在每个步骤中,我们得到由rbindlist()
组合的data.tables列表. fill
参数是必需的,因为列数可能会有所不同.对rbindlist()的最终调用使用idcol
参数标记与Item
关联的行.
In each step, we get a list of data.tables which are combined by rbindlist()
. The fill
parameter is required as the number of columns may vary.
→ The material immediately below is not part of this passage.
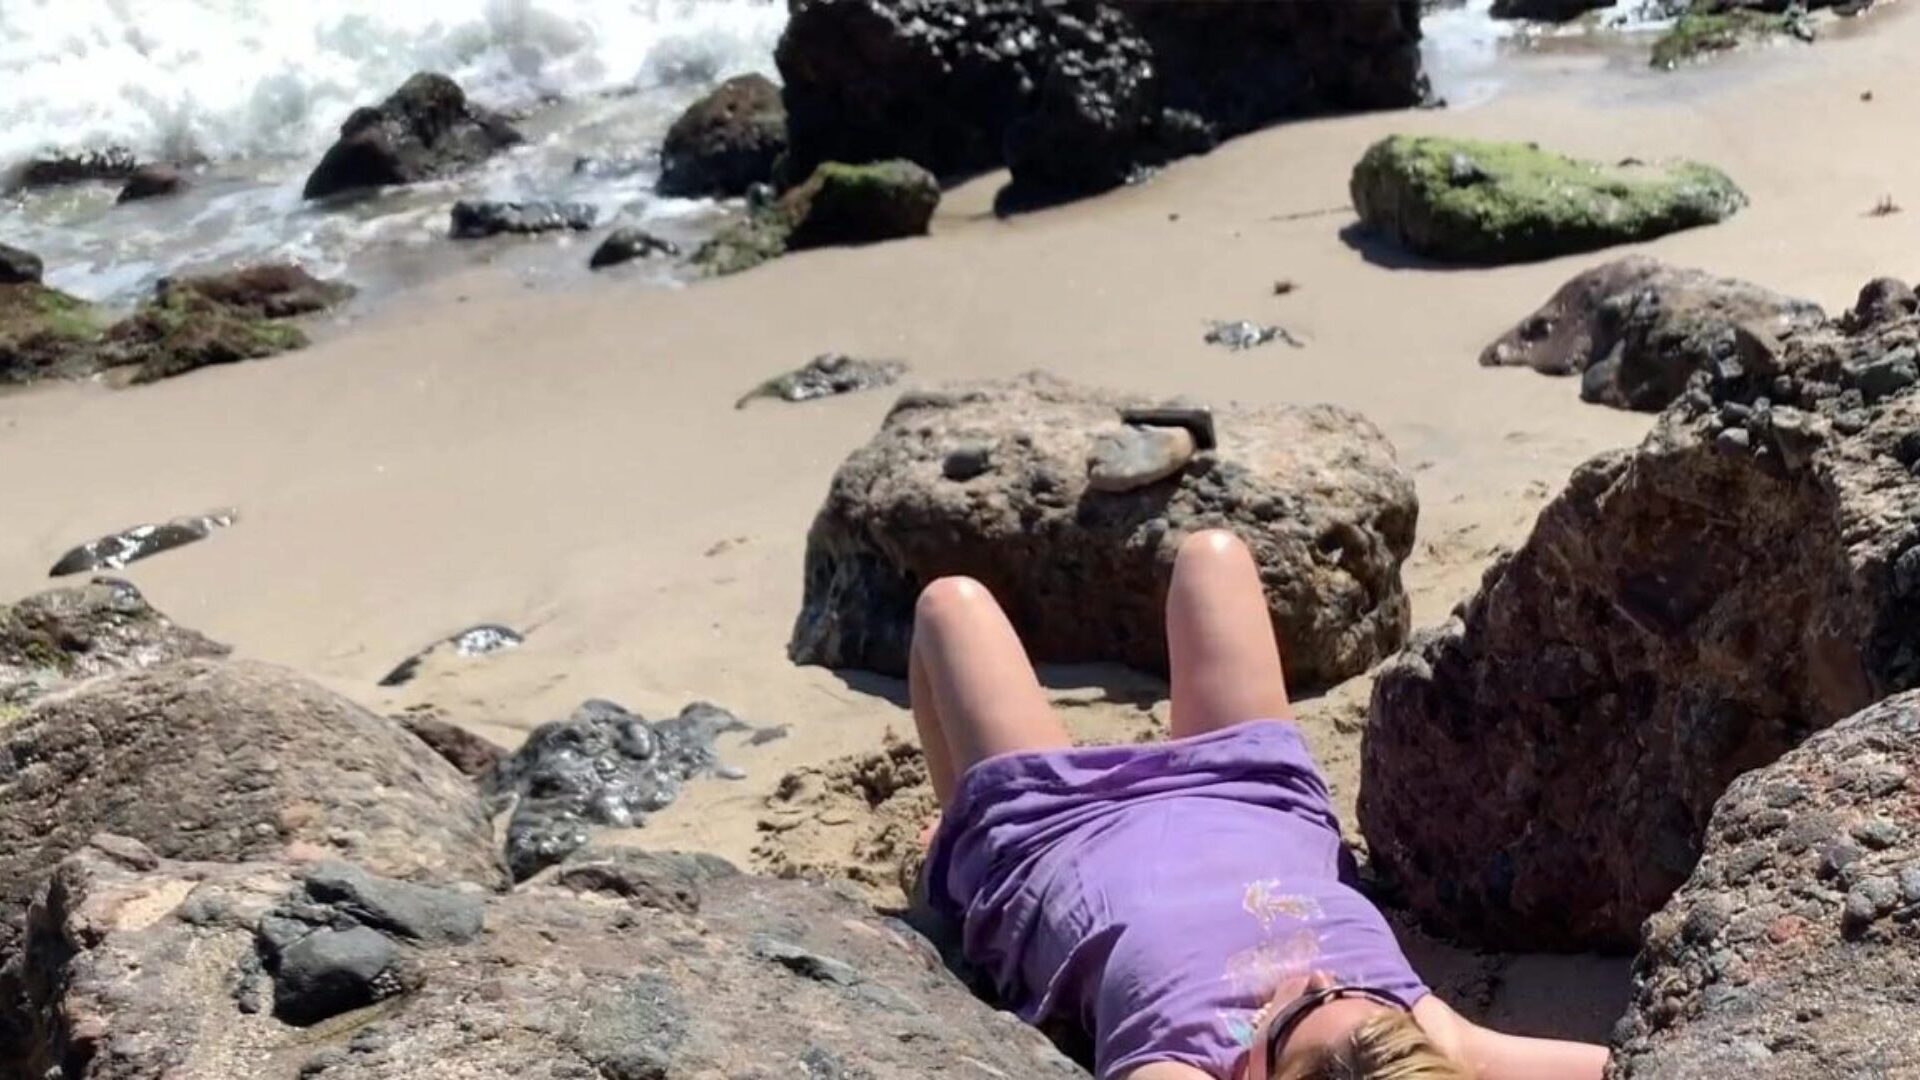 sladostrasna plavuša kako se sunča gola na plaži kopulira prolaznika seksi plavuša koja pumpa na plaži uhvaćena u kameru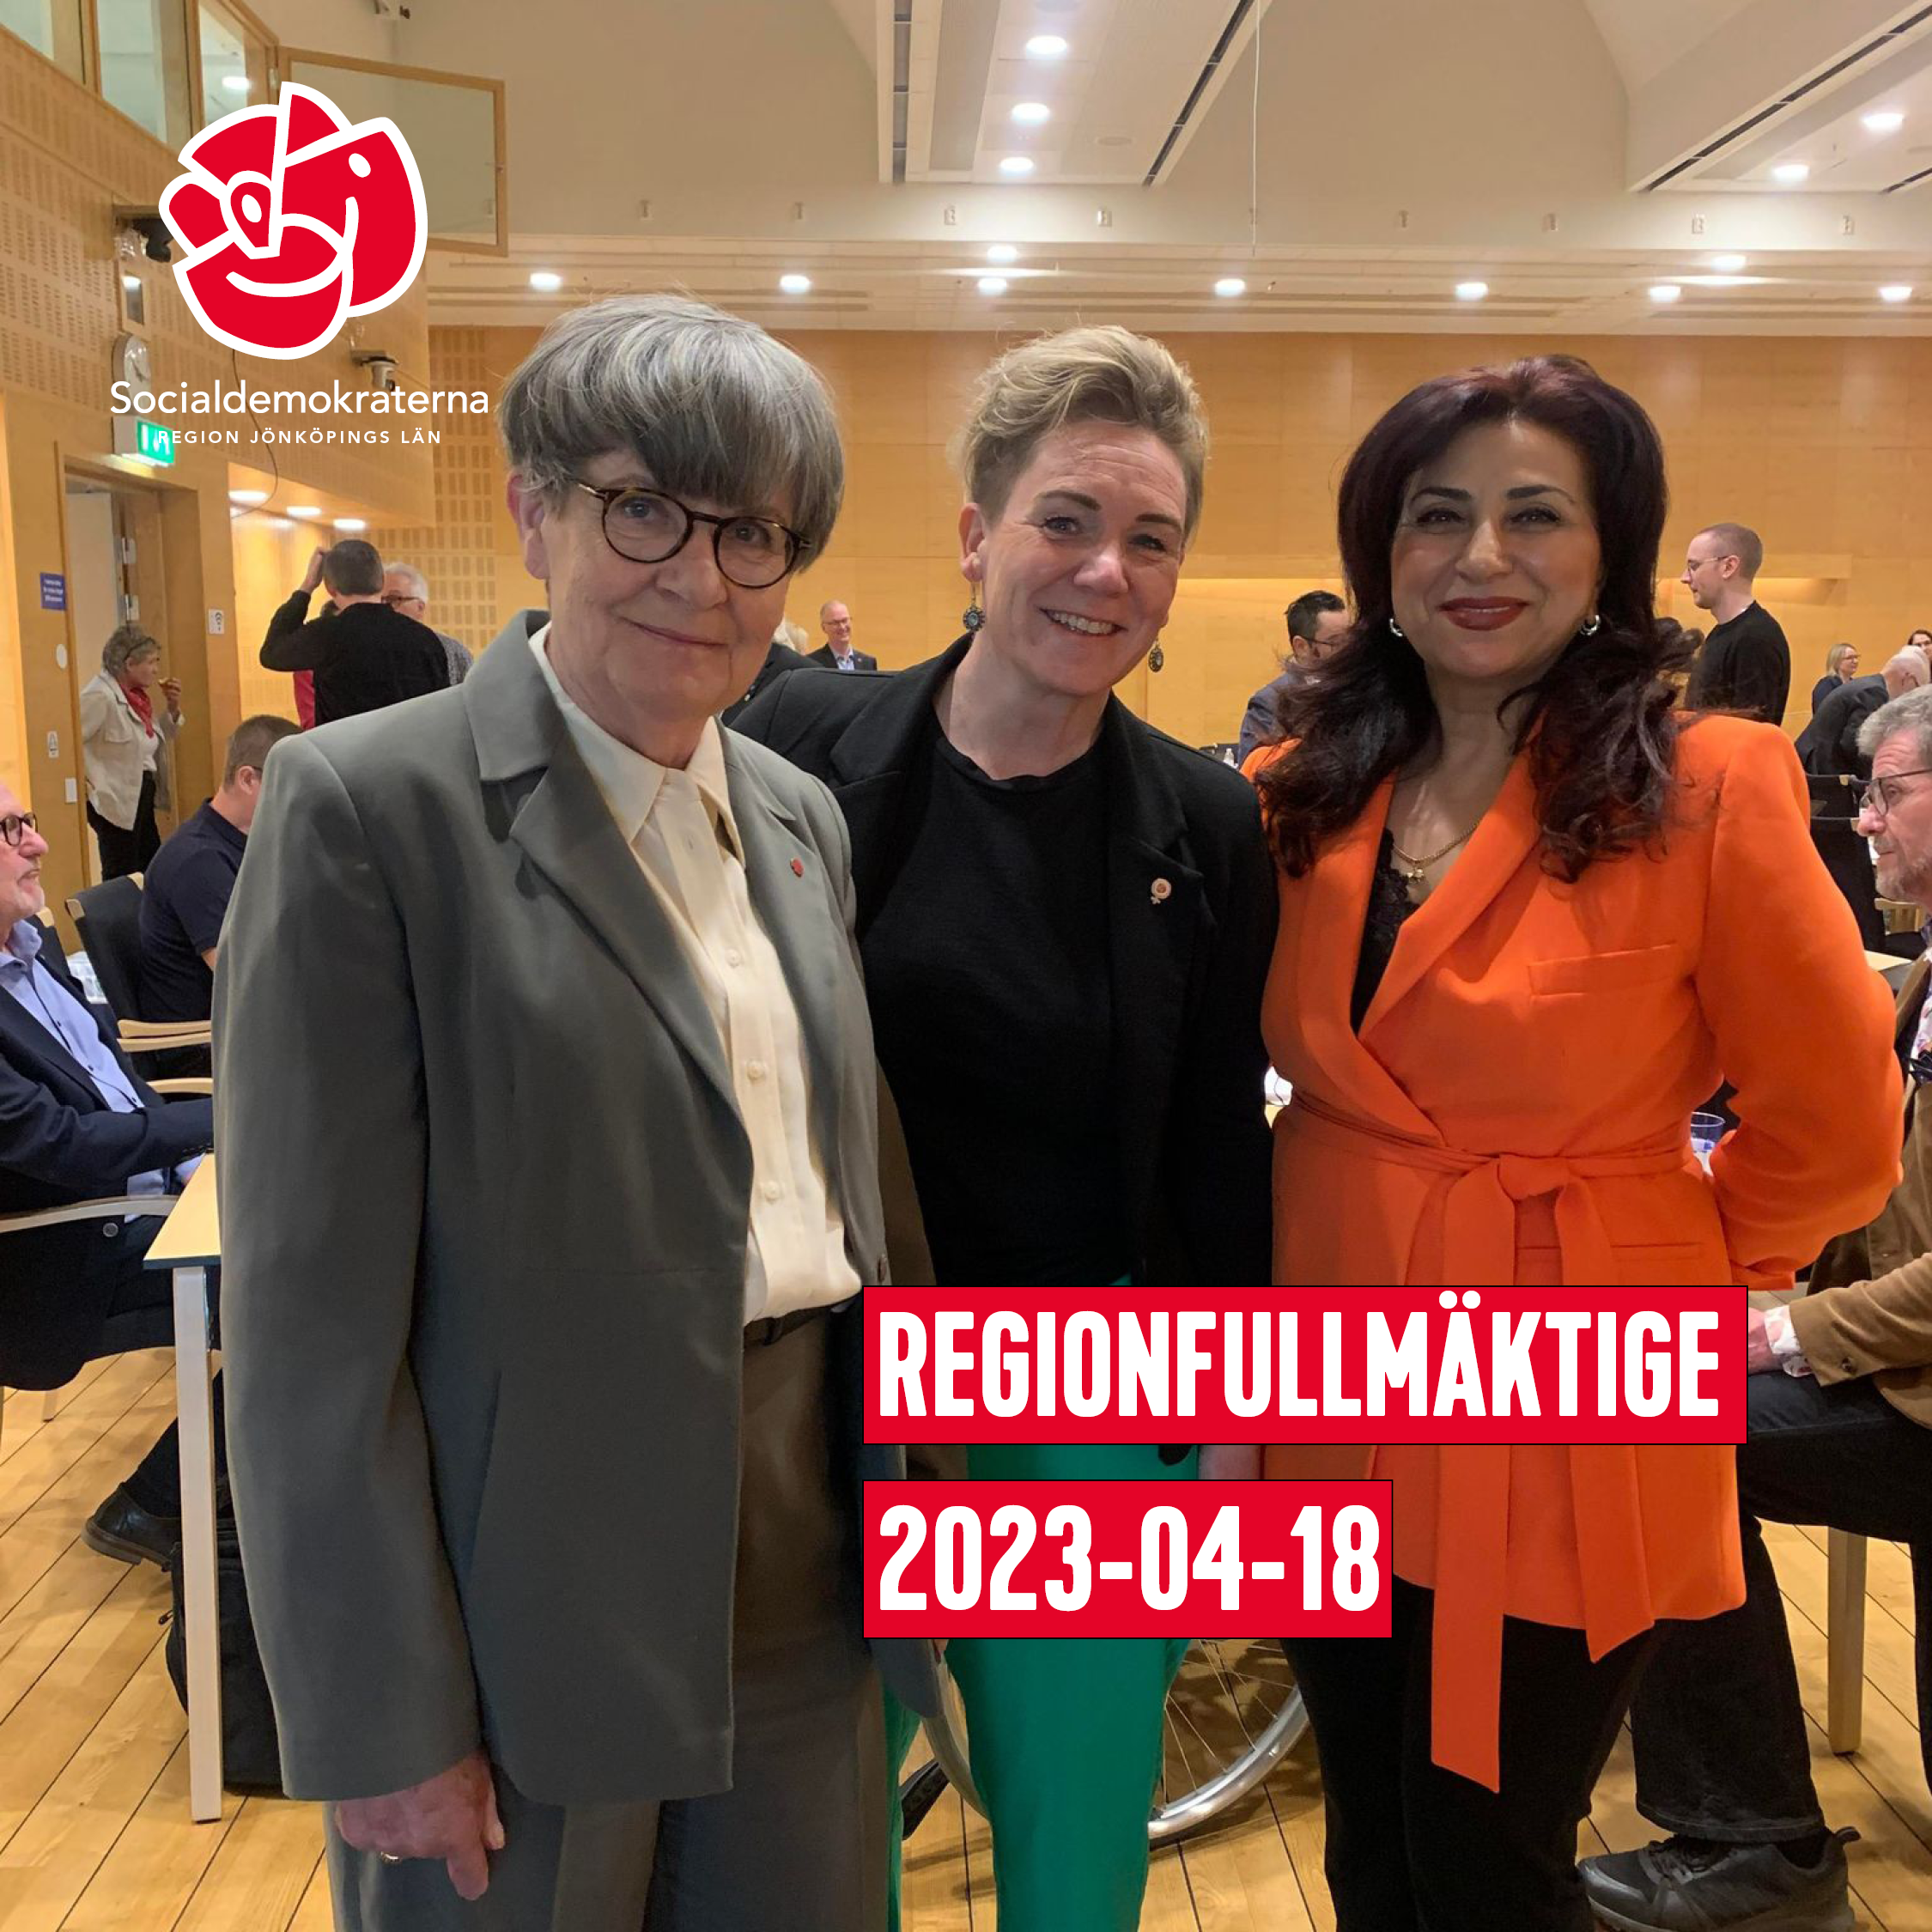 Bild från regionfullmäktige. Ni ser ledamöterna Jeanette Söderström, Liza Oswald och Irada Söderberg.

The final call to rbindlist() uses the idcol
parameter to mark the rows which are associated with Item
.
示例数据集已修改为包含OP注释中的案例这里.
The sample dataset has been amended to include the cases from OP's comments here and here.
library(data.table)
lctolc <- fread("
Item LC ToLC
8T4121 AB12 BC34
8T4121 MN12 AB12
8T4121 MW92 WK14
8T4121 WK14 RM11
8T4121 WK14 RS11
8T4121 RS11 OY01
AB7651 MW92 RS11
AB7651 RS11 OY01",
data.table = FALSE)
这篇关于对于Dataframe中的每个项目,要自动循环的文章就介绍到这了,希望我们推荐的答案对大家有所帮助,也希望大家多多支持IT屋!